Source data:
BEGIN
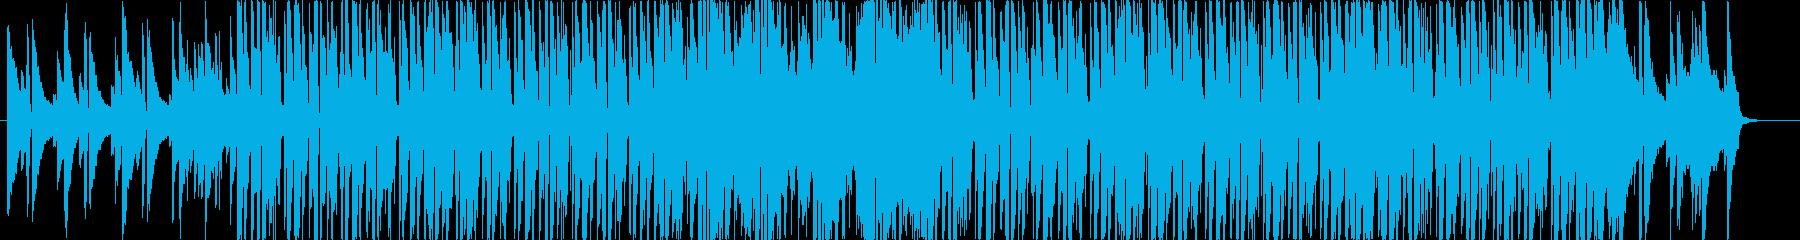 クラブ+ジャズピアノのお洒落な曲の再生済みの波形
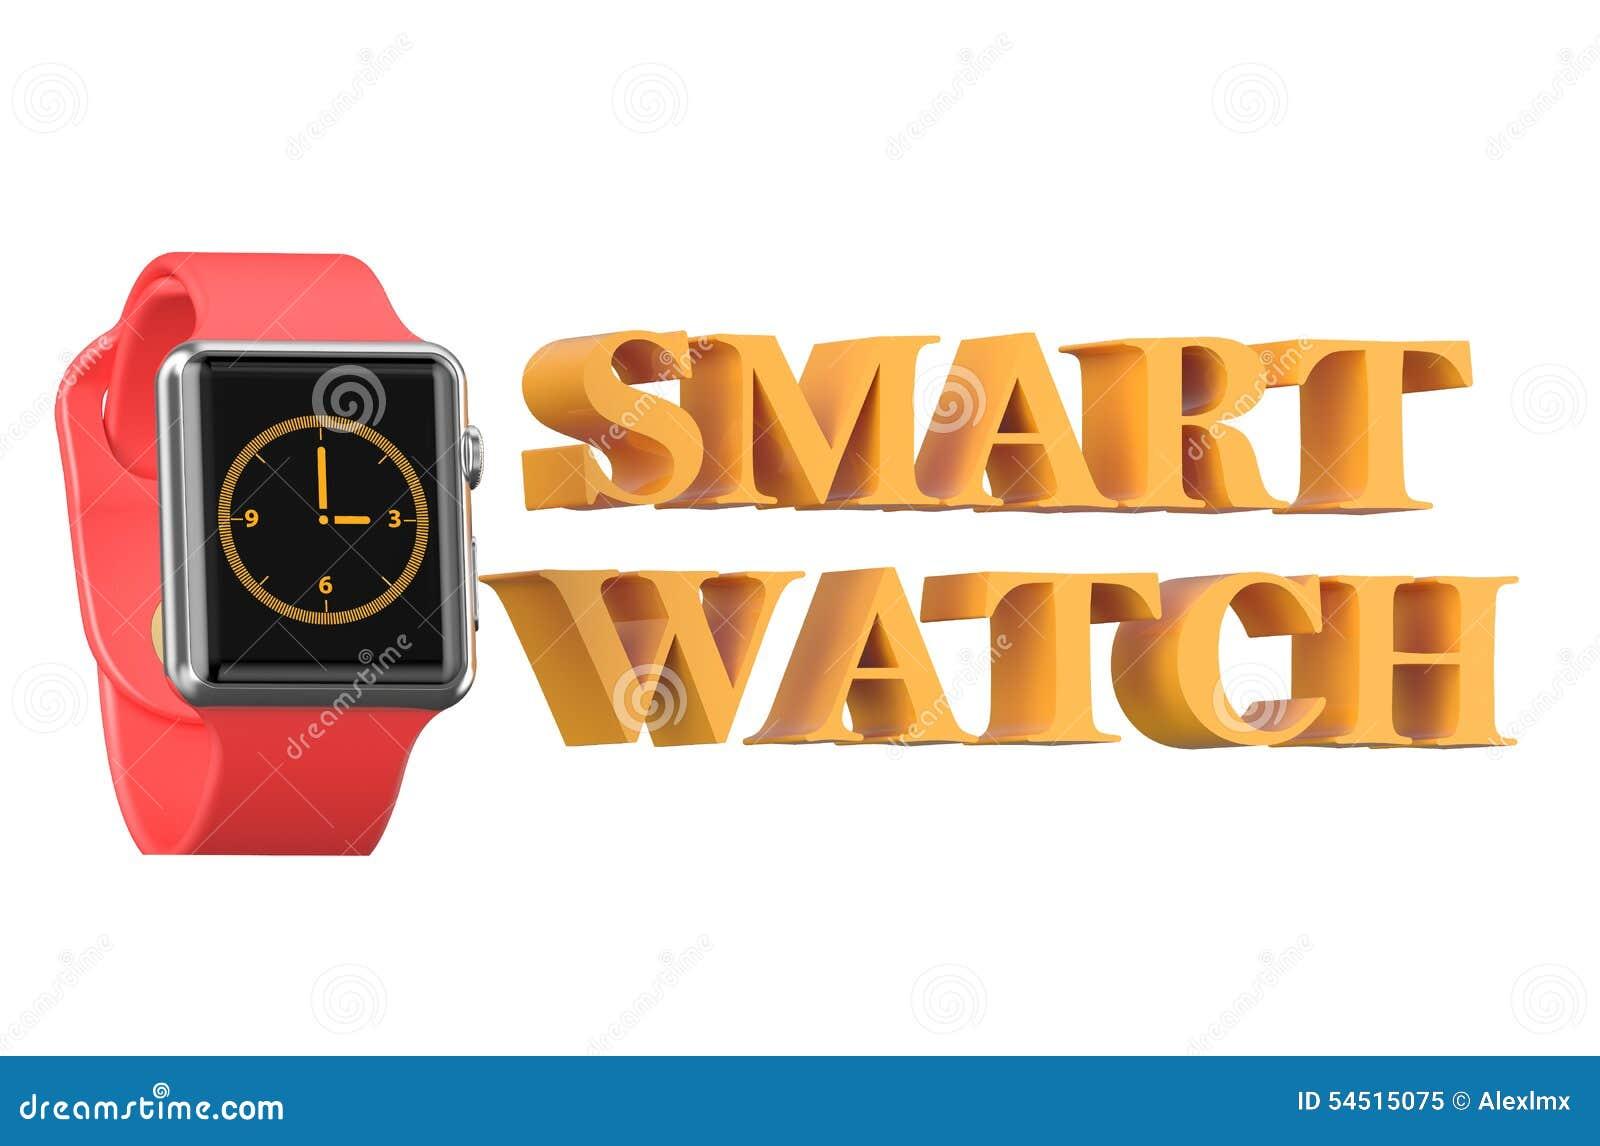 Nuevo smartwatch rojo
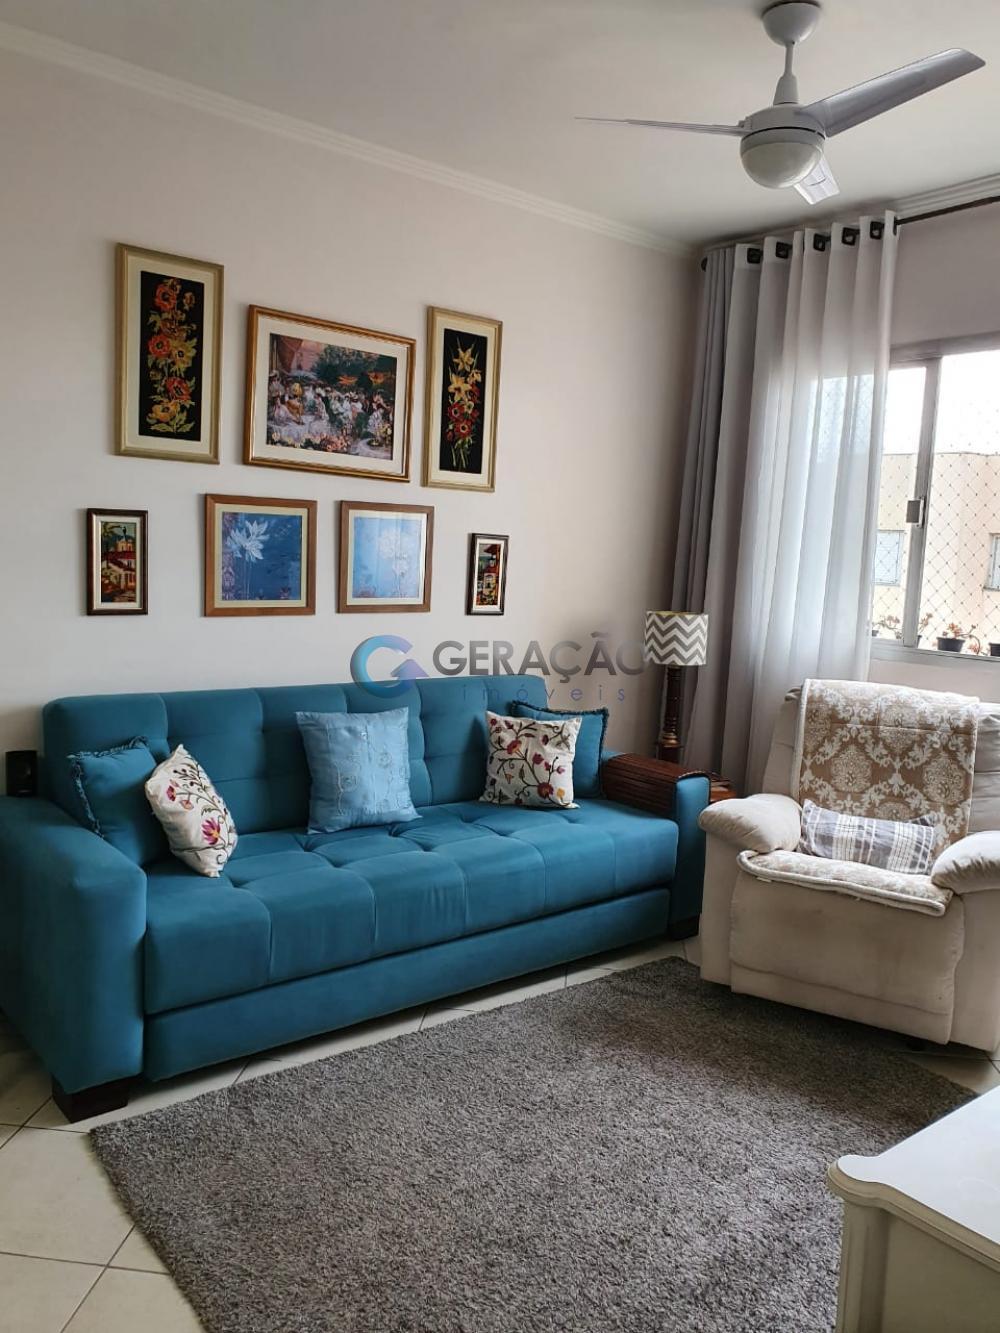 Comprar Apartamento / Padrão em São José dos Campos R$ 330.000,00 - Foto 2
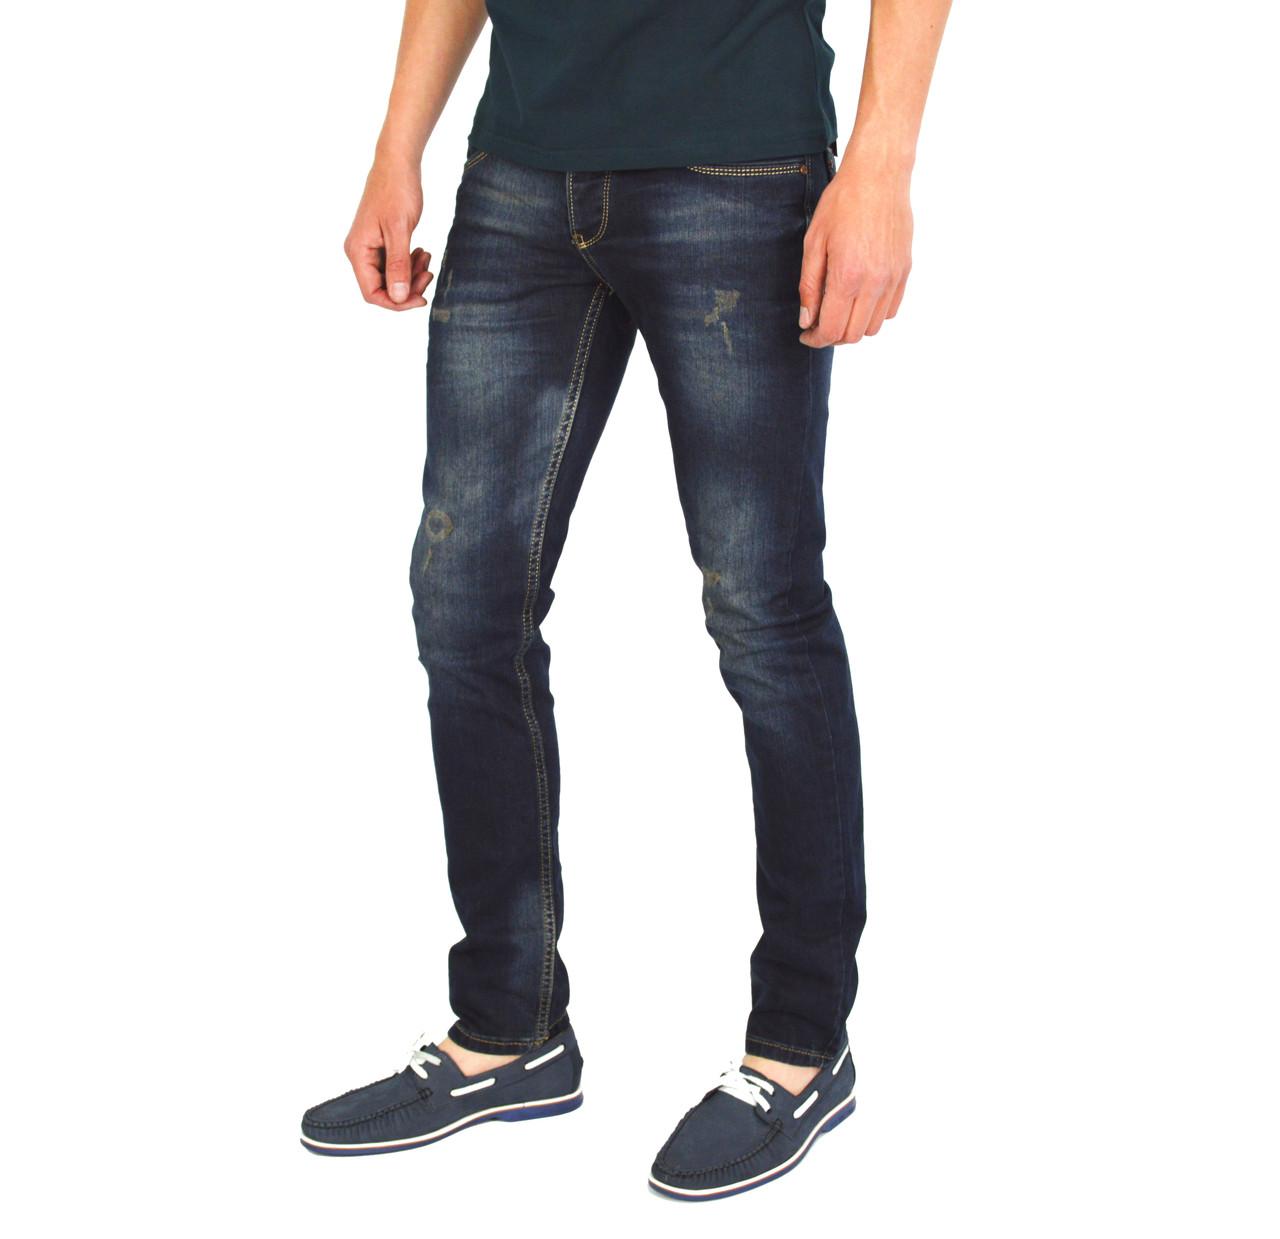 44edf0c2 Темно-синие мужские джинсы зауженные JACK JOHNSON: продажа, цена в ...
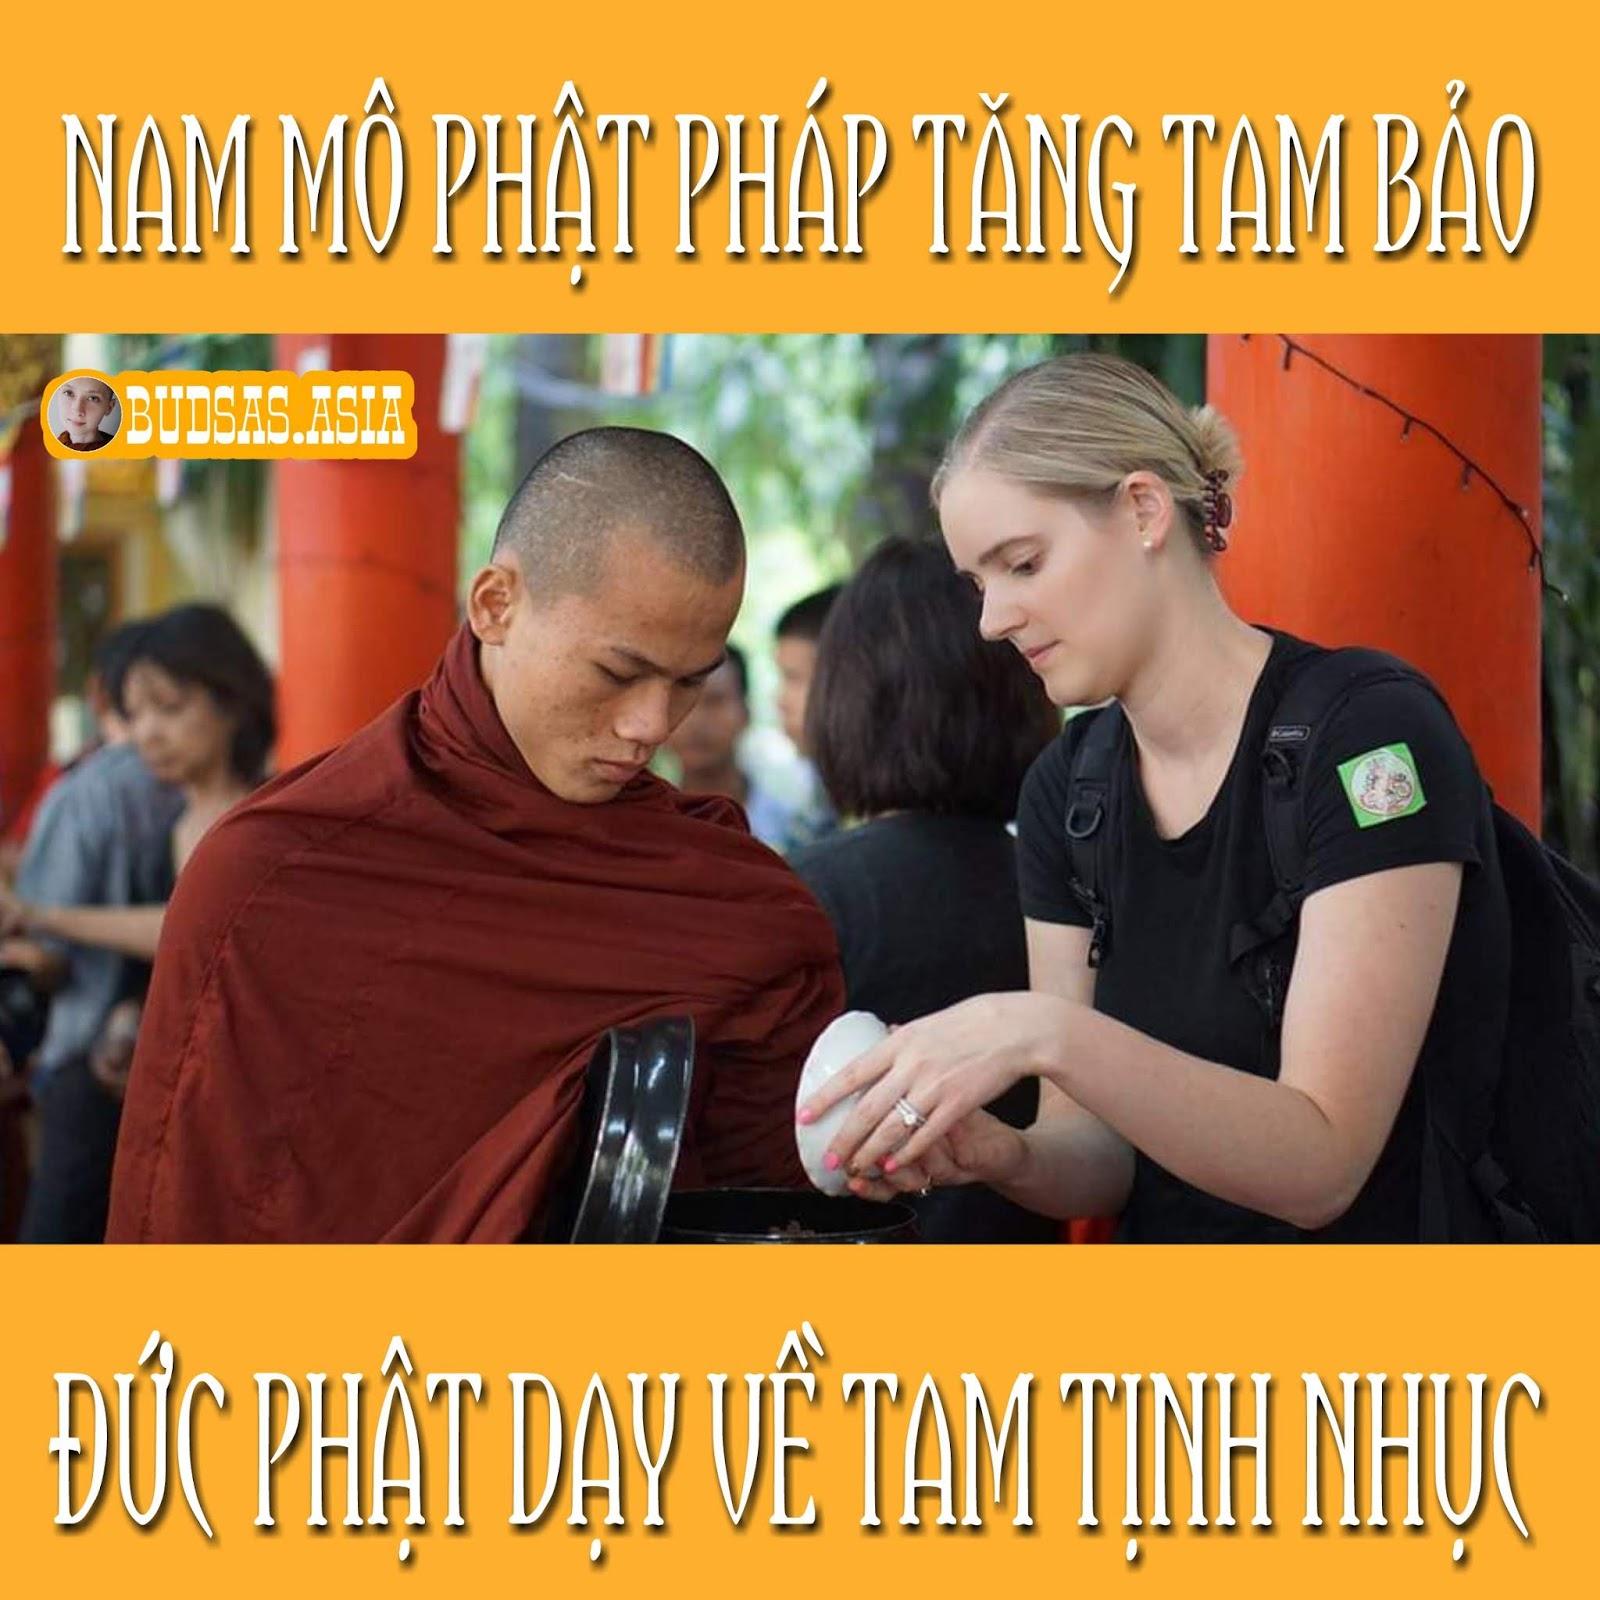 """Đức Phật dạy về """"Tam tịnh nhục"""" - vì sao có vị xuất gia thọ đồ """"mặn""""?"""
END
Work instructions: Output every record above word for word, omitting any pictures they contain.

Task solution:
 クラブ+ジャズピアノのお洒落な曲の再生済みの波形
 Nuevo smartwatch rojo
 Comprar Apartamento / Padrão em São José dos Campos R$ 330.000,00 - Foto 2
 44edf0c2 Темно-синие мужские джинсы зауженные JACK JOHNSON: продажа, цена в ...
 """Đức Phật dạy về """"Tam tịnh nhục"""" - vì sao có vị xuất gia thọ đồ """"mặn""""?"""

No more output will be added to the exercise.